Actually I hated philosophy. I had memorized the quote from the intro of a video game. "You about done?" I asked.
"Julie told me a little about you. You're the dreamer. You've been having visions. You want what I've got up here." He tapped the side of his head with his fork, leaving ketchup in his hair. "You want me to help you find Lord Machado."
"Pretty much."
"I can do it, you know. The other Hunters can read those old books forever, but they ain't gonna answer your questions. It isn't what you read, it's putting the information together in your head like a puzzle. Only when you're all done can you really see the picture. I've had lots of time on my hands for the last six years. I've sat in a padded cell all day long with nothing to do but put those puzzles together. I can see the whole picture now. You fools are still trying to find your corner pieces and sorting them out by color."
"Is there a point to this, or are you just trying to get me to punch you in the head some more?"
"Here's the point: I can help you. I can tell you where and when Lord Machado is going to use his artifact. I can tell you what to do. I can tell you how to stop him. I can even tell you how to kill him. The dead guy in your head can't answer those questions, but I can."
"So why don't you just tell me what I need to know?"
"Because, kid, what's in it for me?"
"The world doesn't get destroyed. That sounds kind of beneficial don't you think?"
"I tell you. You tell Earl. You guys kill Lord Machado and the seven. You save the world, cash big fat checks. You get to be heroes. I go back to Appleton and rot in a cell until the day I die. You want my help, you let me go and I'll tell you everything I know."
"And I'm just supposed to let somebody who opened a gate to hell in the middle of Alabama walk free."
"I learned from my mistakes. I won't do that again. I'm not as crazy as everybody thinks I am. I know the score. Let me loose, I promise not to meddle in that business again; I'll just disappear off the radar and nobody needs to know where I went. I've got money, fake IDs, passports, all stashed. You let me go, and nobody ever hears from me again. I'll go down to Mexico and sip margaritas on the beach with pretty senoritas."
"I'll run that past your daughter."
"Julie's squeamish. She's a goody two-shoes like her mother. Believe me. I've learned from my mistakes. I'm done. Earl will tell you no. My dad will say no. They don't trust me. My offer is to you, kid. Think about it." He smiled hopefully. I did not trust him as far as I could throw him.
"How about you give me a little information up front? Let me see if what you know is worth it."
"I give you enough pieces of the puzzle, you'll figure it out yourself. You won't need me and I go back to Appleton. On good days maybe I get to play Ping-Pong in leg irons with Dr. Nelson. Look out the window while crazy people whine about what monsters did to them. Like those pussies know jack squat about real torment. Whoopee. No way, kid. I talk. I walk. That's the deal."
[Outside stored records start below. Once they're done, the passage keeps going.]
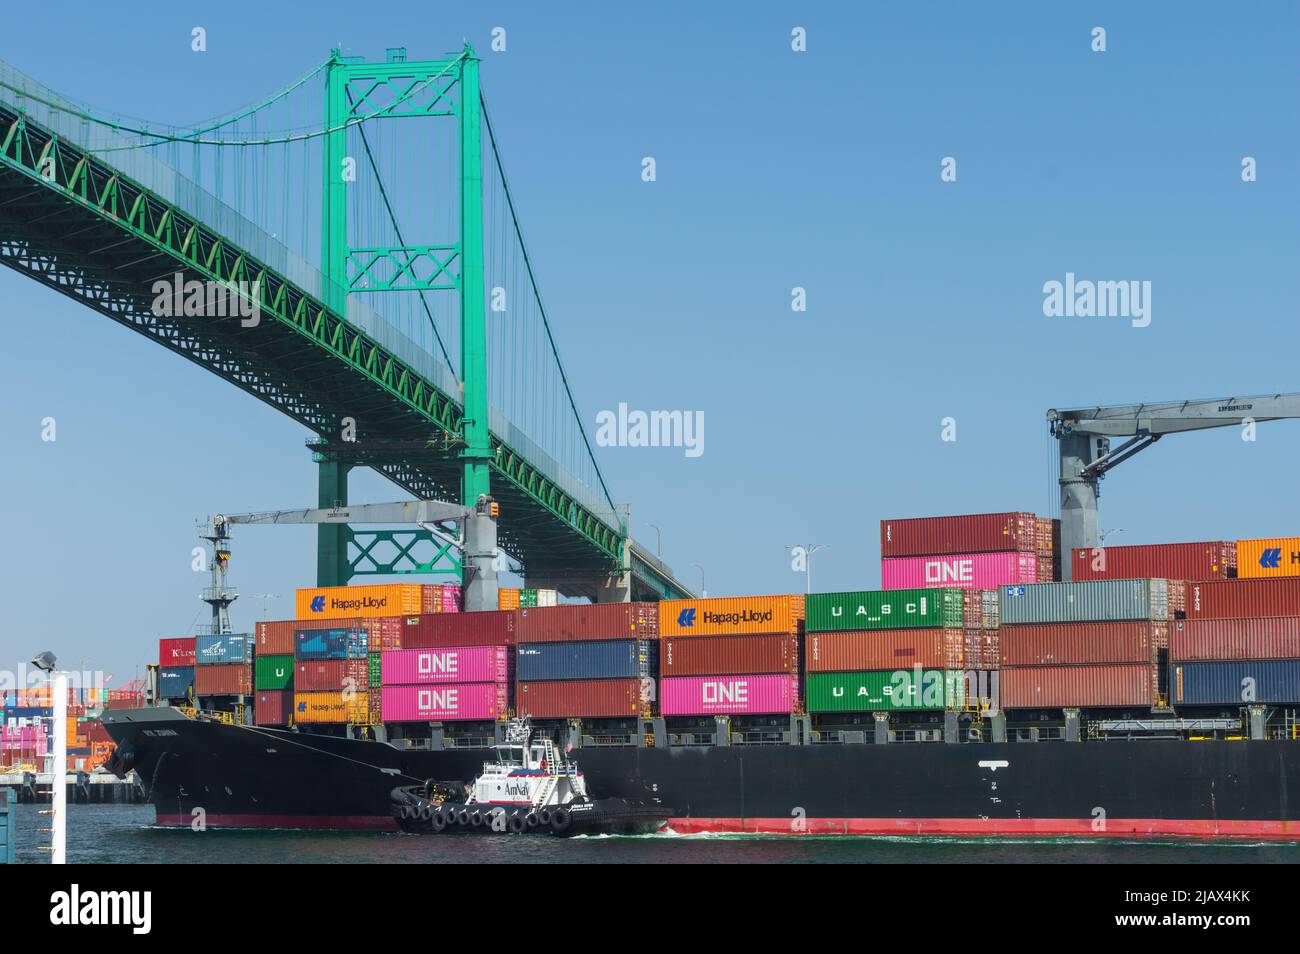 Port of Los Angeles, California, USA - April 27, 2022: image of container ship NYK Joanna shown in transit under the Vincent Thomas Bridge on a sunny Stock Photo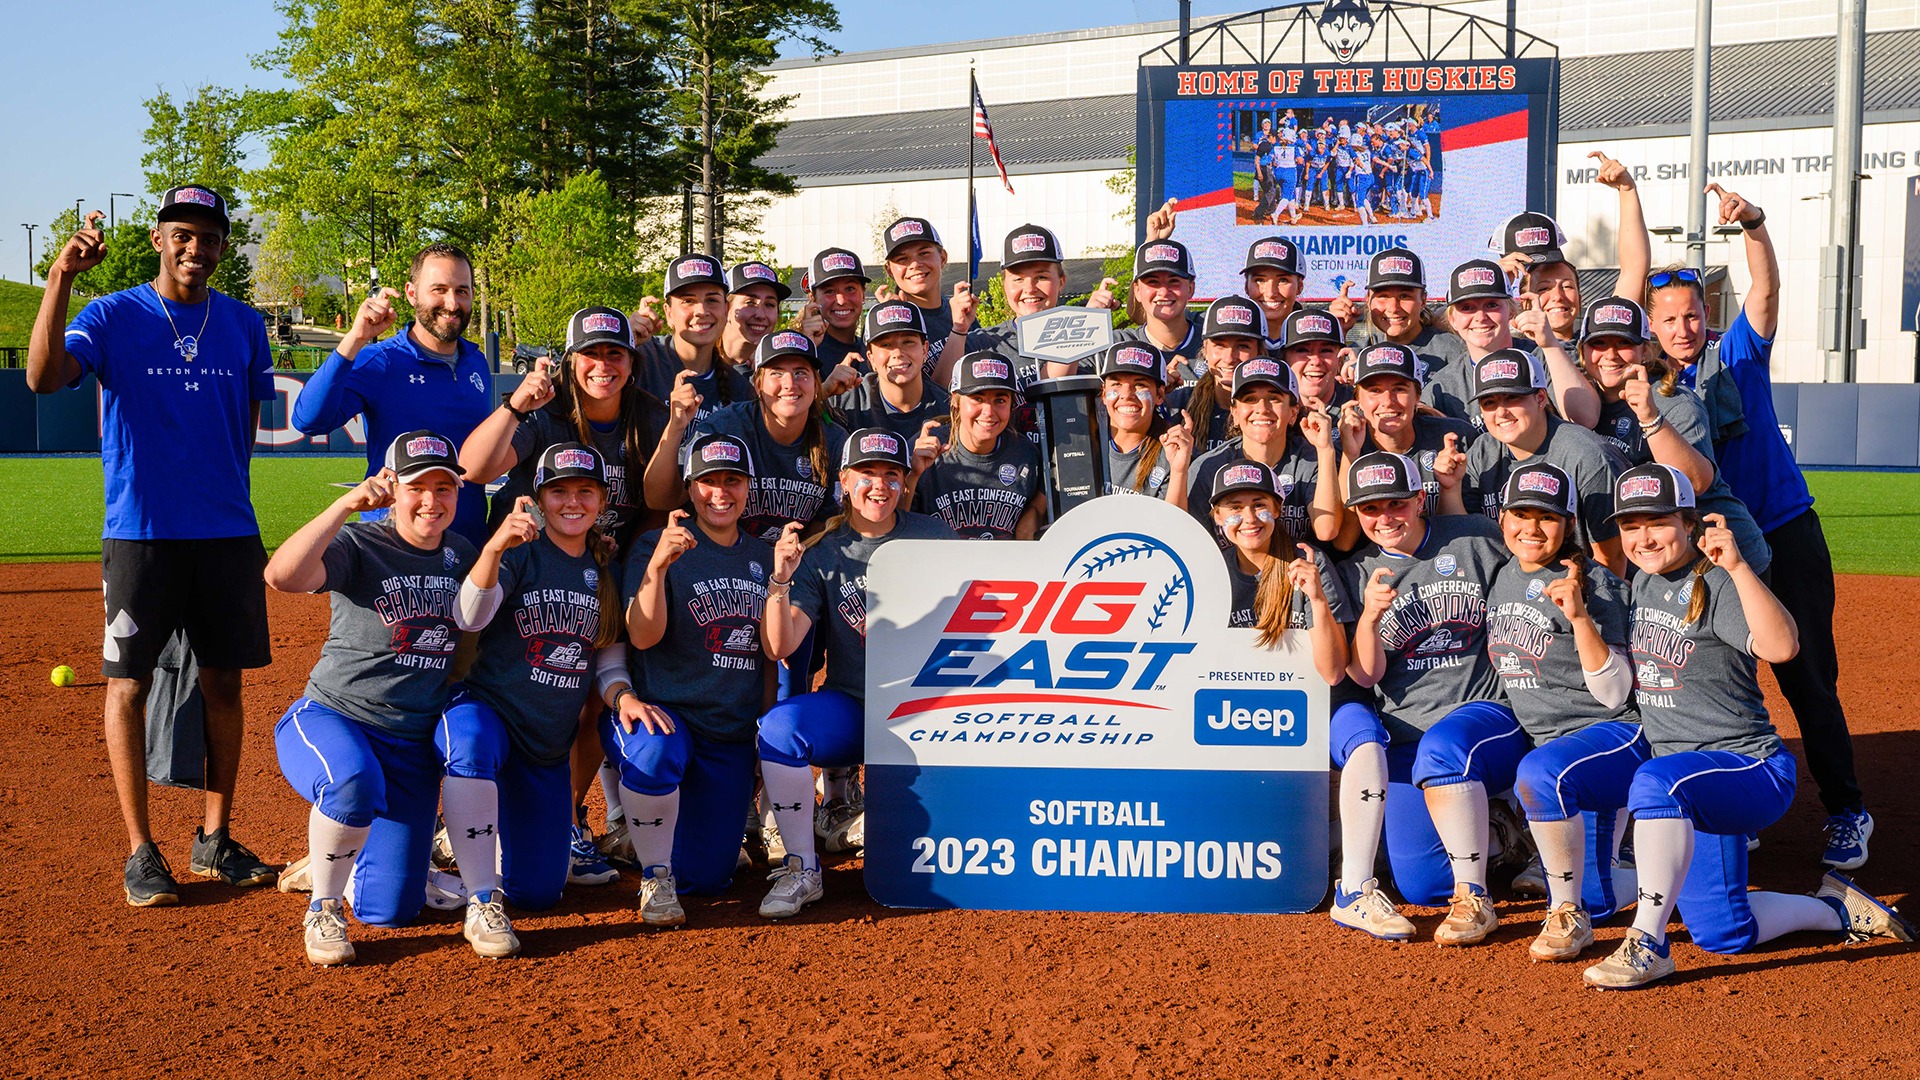 The Pirates pose for a picture as 2023 BIG EAST Champions!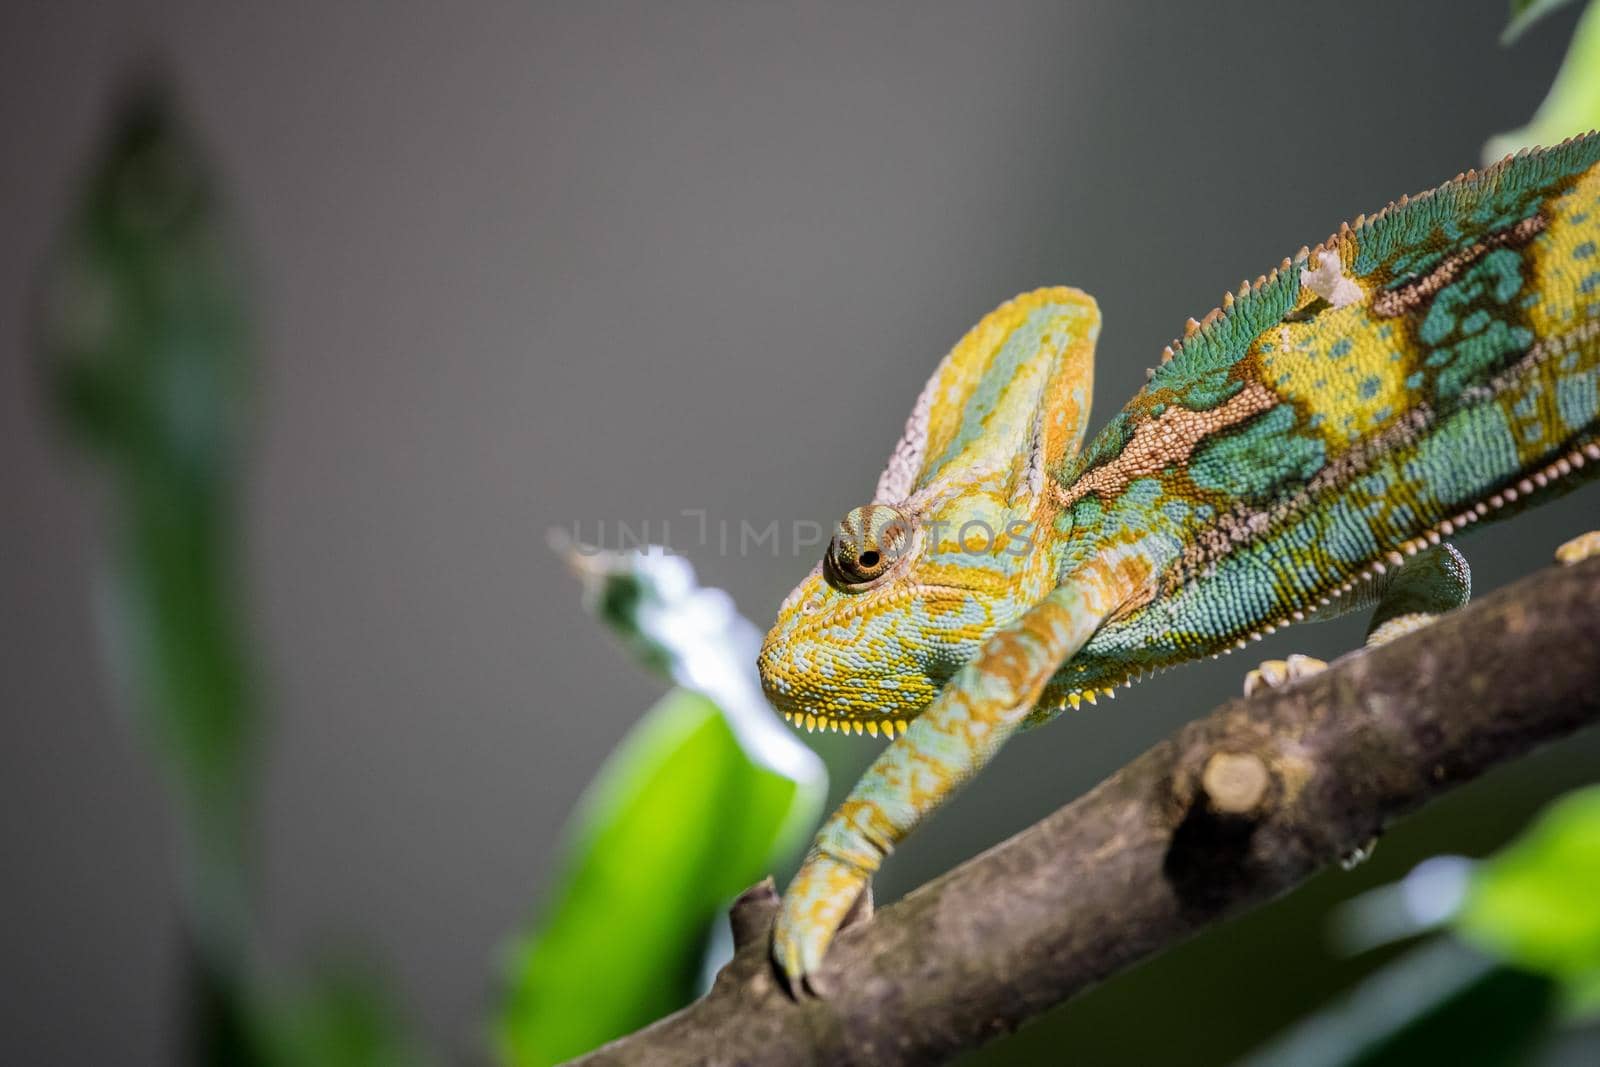 Chameleon in the zoo: Close-up picture of a chameleon climbing on a tree branch by Daxenbichler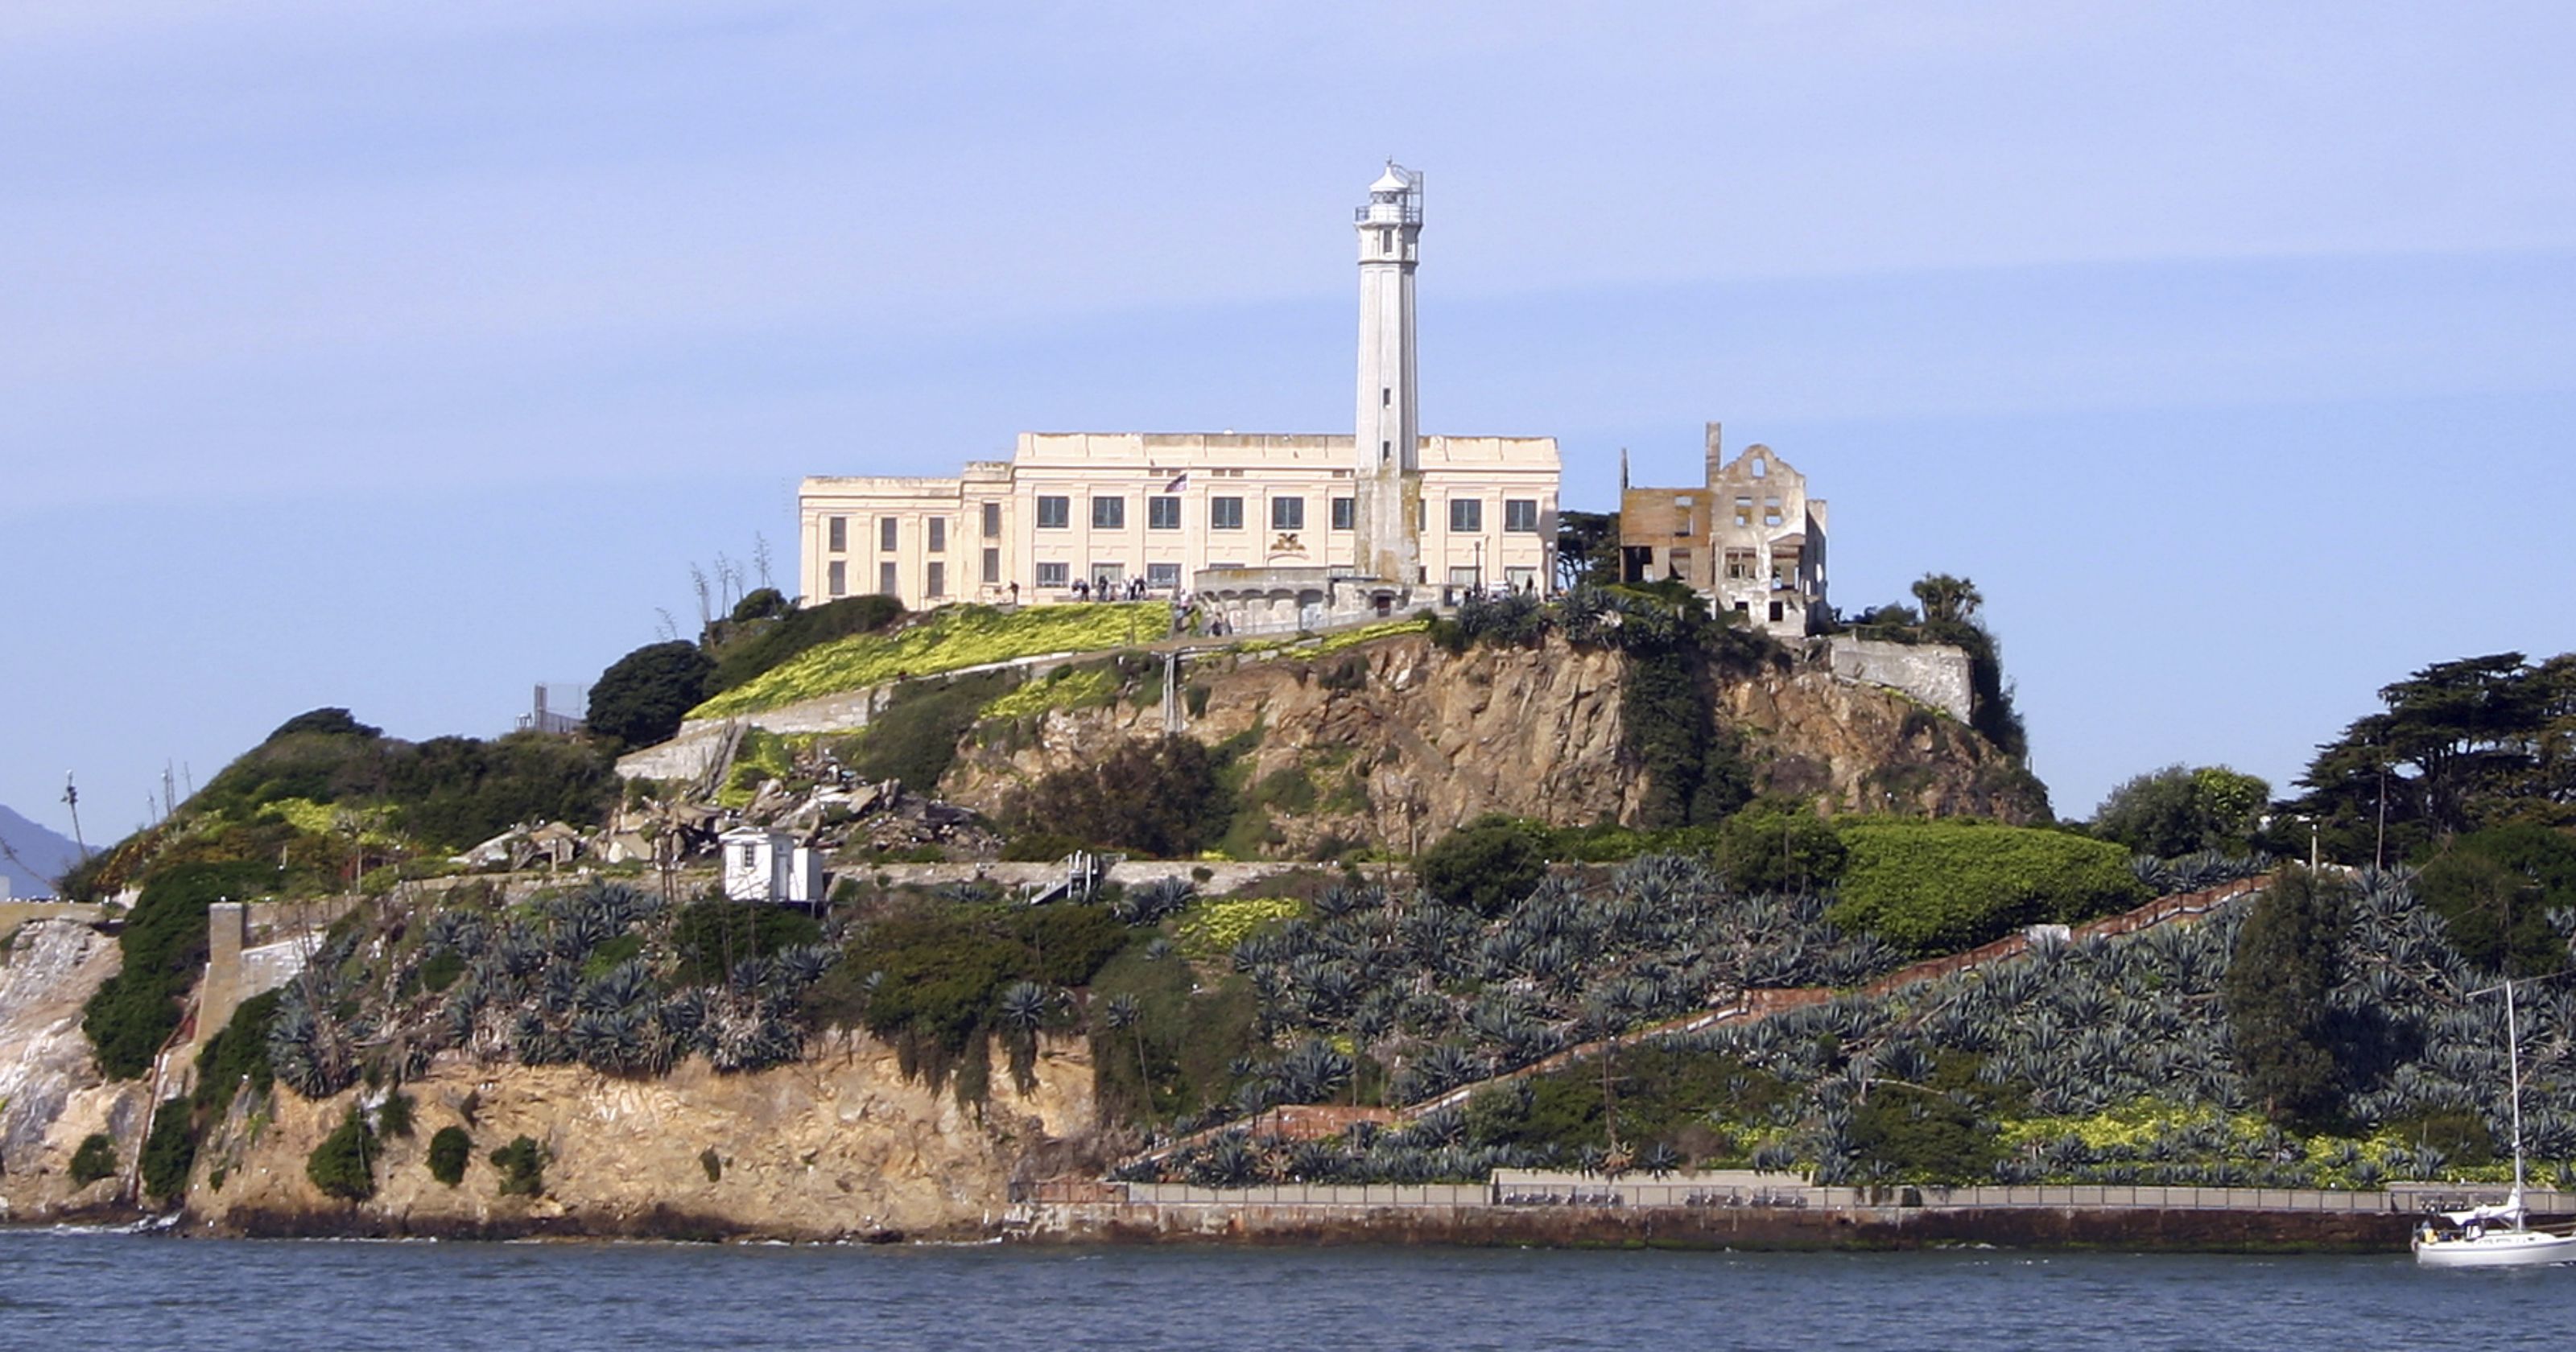 Escape from Alcatraz: Letter claiming inmates survived 'inconclusive'

"Screw you, Ray." I took his empty plate and walked away.
"Wait!" he cried. I paused with my hand on the doorknob. "You have to understand. I can't go back there." I opened the door. "Stop. Listen. I tried to bring my wife back. Is that so wrong? I loved her. I know I made a mistake. I was desperate. You would do the same. I loved her too much to let her go. I know not to try again. I saw things in that rift. Things you can't even begin to understand. I know what's out there. My mind is scarred worse than your face. Believe me. I promise that it won't happen again."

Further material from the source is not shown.